Opinion
1:14-cv-00539 AWI MJS
06-16-2014
ORDER DENYING DEFENDANTS'
APPLICATION FOR STAY AND EARLY
EVALUATION CONFERENCE
(Doc. No. 4)
I. INTRODUCTION
Plaintiff Juan Moreno brought this action against defendants Vikram Vohra, Vinay Vohra, Fast N ESY #17 Corporation, as well as Does 1-10, inclusive, arising from alleged violations of the Americans with Disabilities Act ("ADA"), 42 U.S.C. §§ 12101 et seq., as well as various California statues, including the Unruh Civil Rights Act, Cal. Civil Code §§ 51 et seq. Defendants now move to stay the action and refer the parties to early neutral evaluation pursuant to California Civil Code section 55.54 and the court's equitable powers. (ECF No. 4.)
Because oral argument would not be of material assistance, the court orders this matter submitted on the briefs pursuant to Eastern District Local Rule 230(g).
II. ANALYSIS
Under California law, the Construction-Related Accessibility Standards Compliance Act, Cal. Civ. Code §§ 55.51-55.54, "entitles some defendants in construction-related accessibility suits to a stay and [an early] evaluation conference for the lawsuit." O'Campo v. Chico Mall, LP, 758 F. Supp. 2d 976, 983 (E.D. Cal. 2010) (Karlton, J.) (citing Cal. Civ. Code § 55.54(b)(1)). However, section 55.54's provisions are preempted by the ADA and cannot be applied to plaintiff's ADA claim. See id.; Moreno v. Town & Country Liquors, No. 2:12-CV-00729 JAM KJN, 2012 U.S. Dist. LEXIS 100711, 2012 WL 2960049, at *4 (E.D. Cal. July 19, 2012); see also Hubbard v. SoBreck, LLC, 554 F.3d 742, 744 (9th Cir. 2009) ("[F]or federal law to preempt state law, it is not necessary that a federal statute expressly state that it preempts state law." (citation omitted)); Lamark v. Laiwalla, 2013 U.S. Dist. LEXIS 104526, 1 (E.D. Cal. July 25, 2013). Defendants admit that section 55.54's provisions are pre-empted. (See Reply, ECF No. 6.)
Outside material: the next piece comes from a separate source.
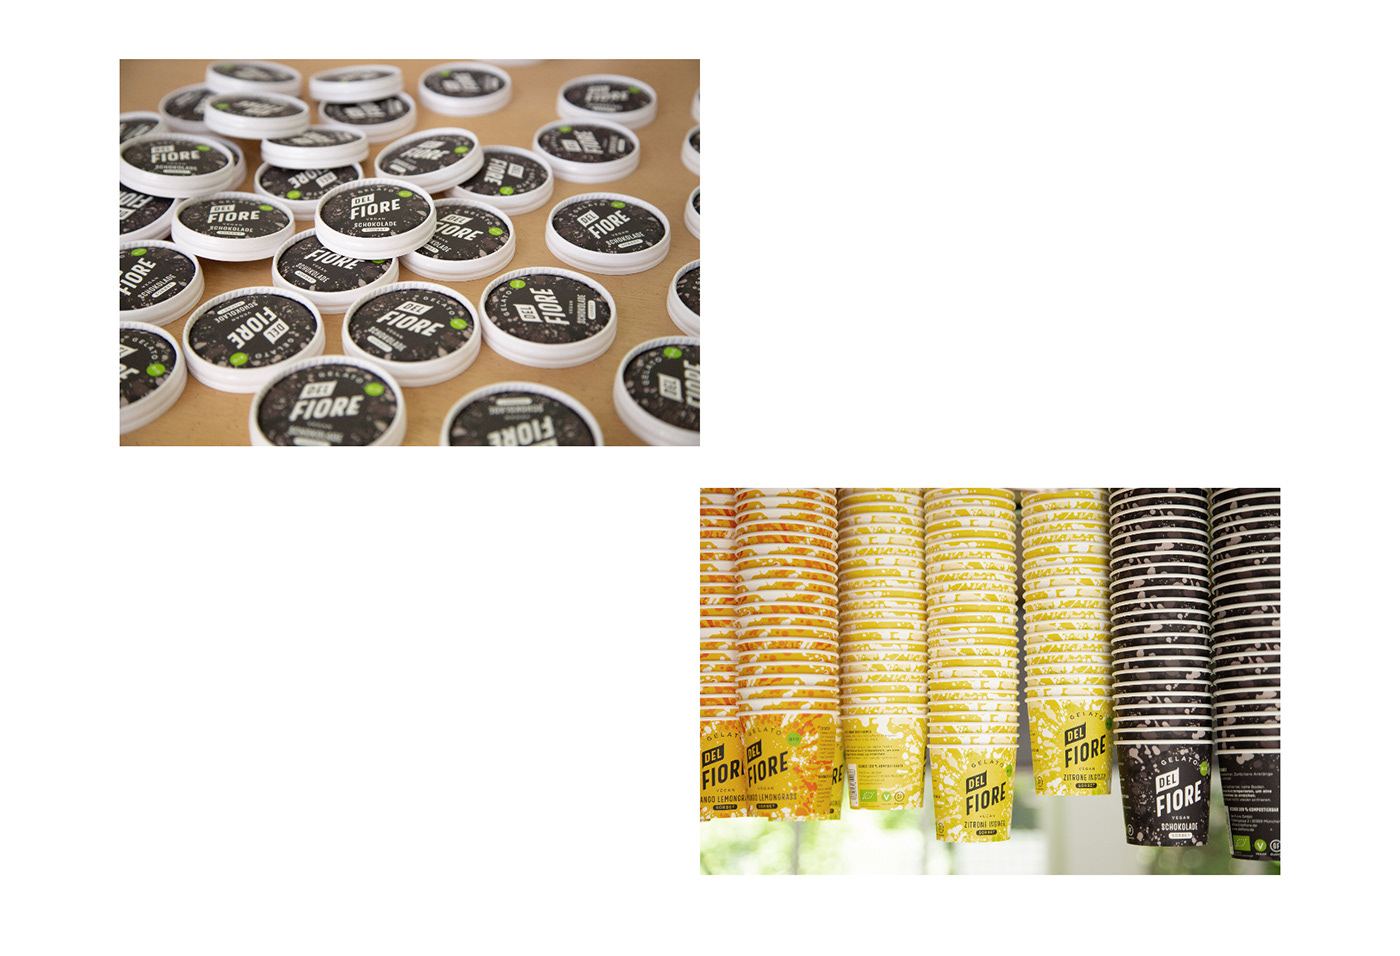 ArtDirection concept corporatedeisgn design Keyvisual logodesign Packaging packagingdesign UxUIdesign Webdesign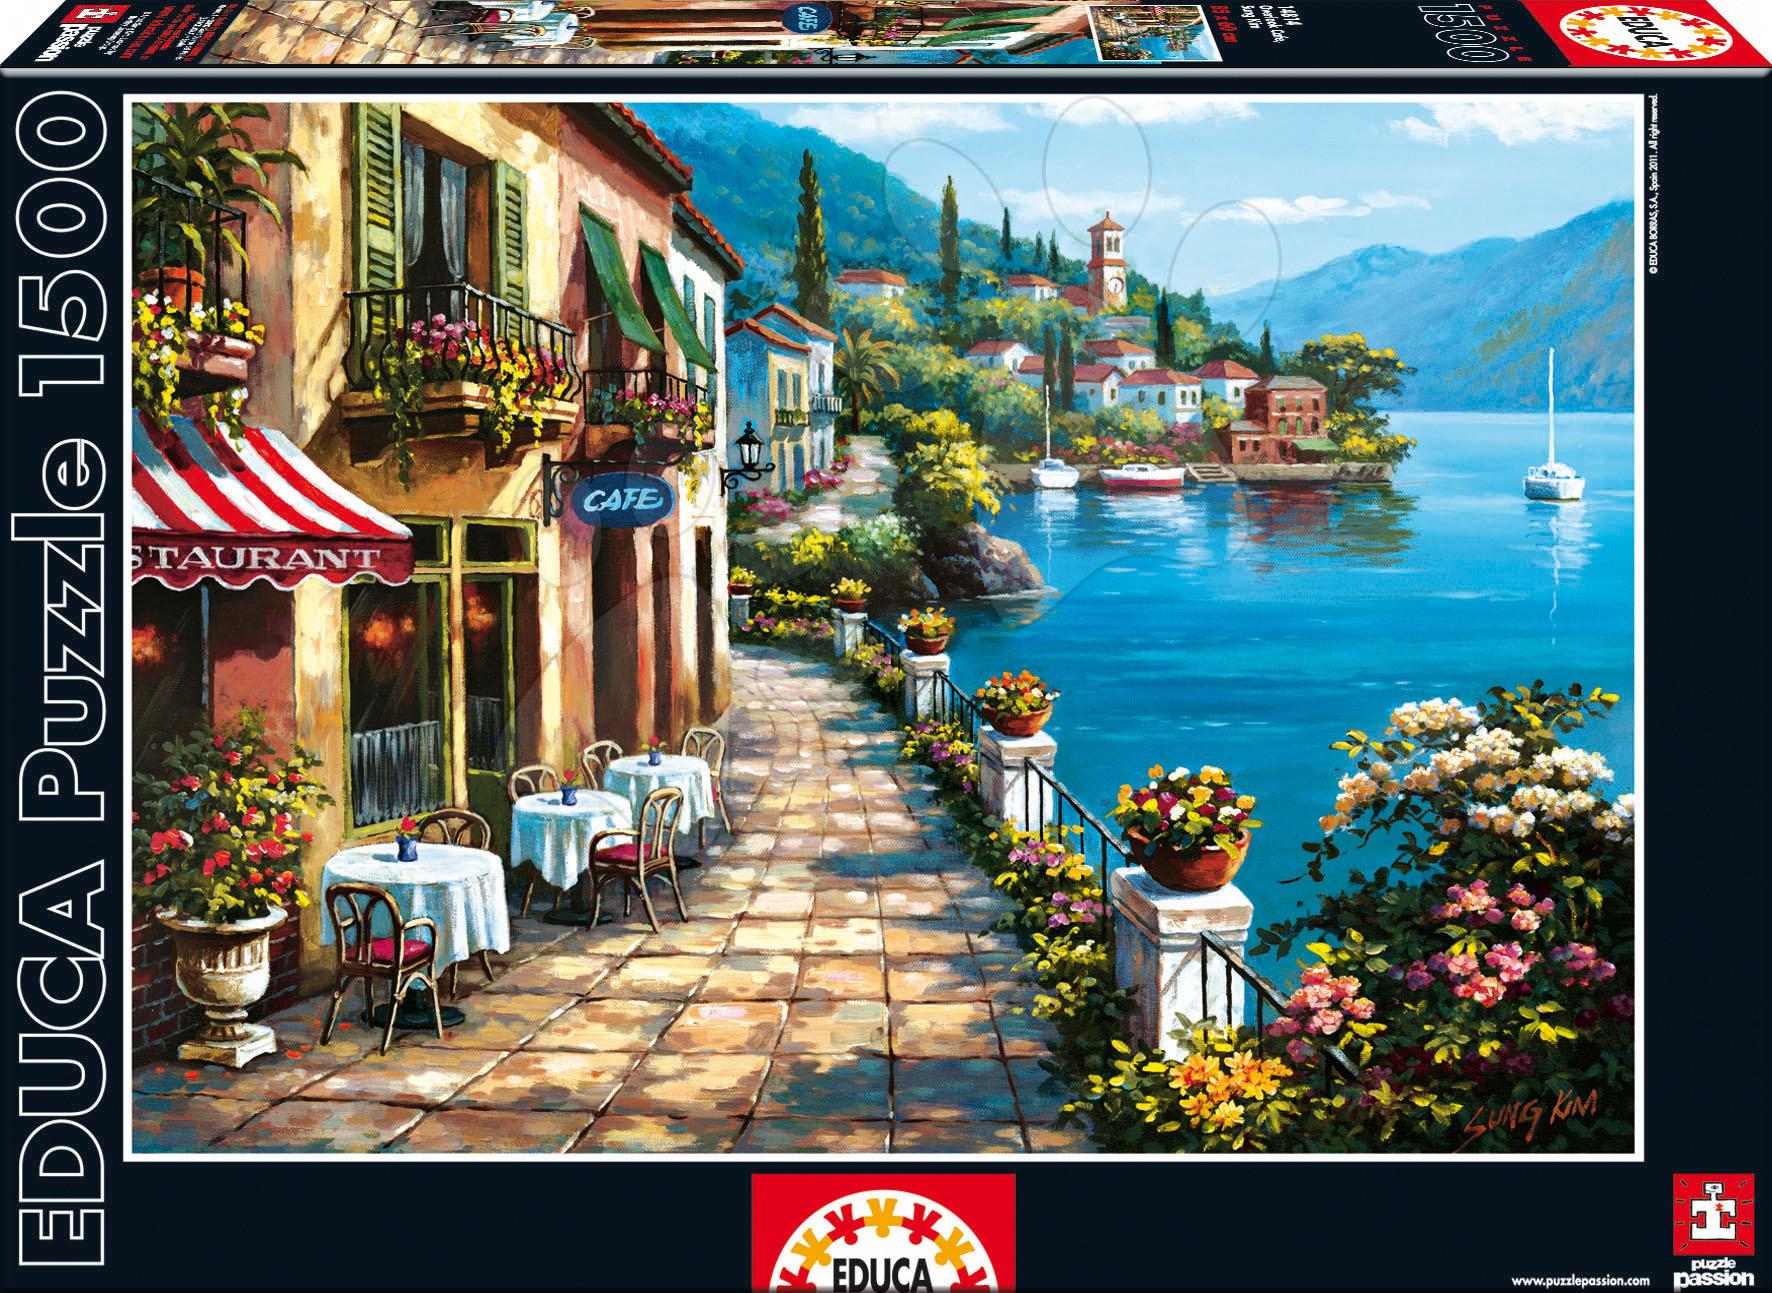 1500 darabos puzzle - Puzzle Overlook Cafe, Sung Kim Educa 1 500 db

It appears that all California federal courts to have considered the issue have found that, under Erie Rail Co. v. Tompkins, 304 U.S. 64, 58 S. Ct. 817, 82 L. Ed. 1188 (1938), and related cases, a federal court should not apply the procedures of California Civil Code section 55.54 to supplemental state law claims either because its provisions are not outcome determinative. See Moreno, 2012 U.S. Dist. LEXIS 100711, 2012 WL 2960049, at *4; O'Campo, 758 F. Supp. 2d at 985; Oliver v. Hot Topic, Inc., 10CV1111 BEN AJB, 2010 WL 4261473, at *1 (S.D. Cal. July 27, 2010); cf. Gasperini v. Ctr. for Humanities, Inc., 518 U.S. 415, 427, 116 S. Ct. 2211, 135 L. Ed. 2d 659 (1996) ("[F]ederal courts sitting in diversity apply state substantive law and federal procedural law.").
Although the court may also stay an action under its inherent power "to control the disposition of the causes on its docket with economy of time and effort for itself, for counsel, and for litigants", Landis v. N. Am. Co., 299 U.S. 248, 254, 57 S. Ct. 163, 81 L. Ed. 153 (1936), Defendants have not made a sufficient showing that a stay would be appropriate in this case. The Court will accordingly deny Defendants' motion to stay Plaintiff's ADA and state law claims.
III. ORDER
IT IS HEREBY ORDERED that Defendants' application to stay be DENIED. IT IS SO ORDERED.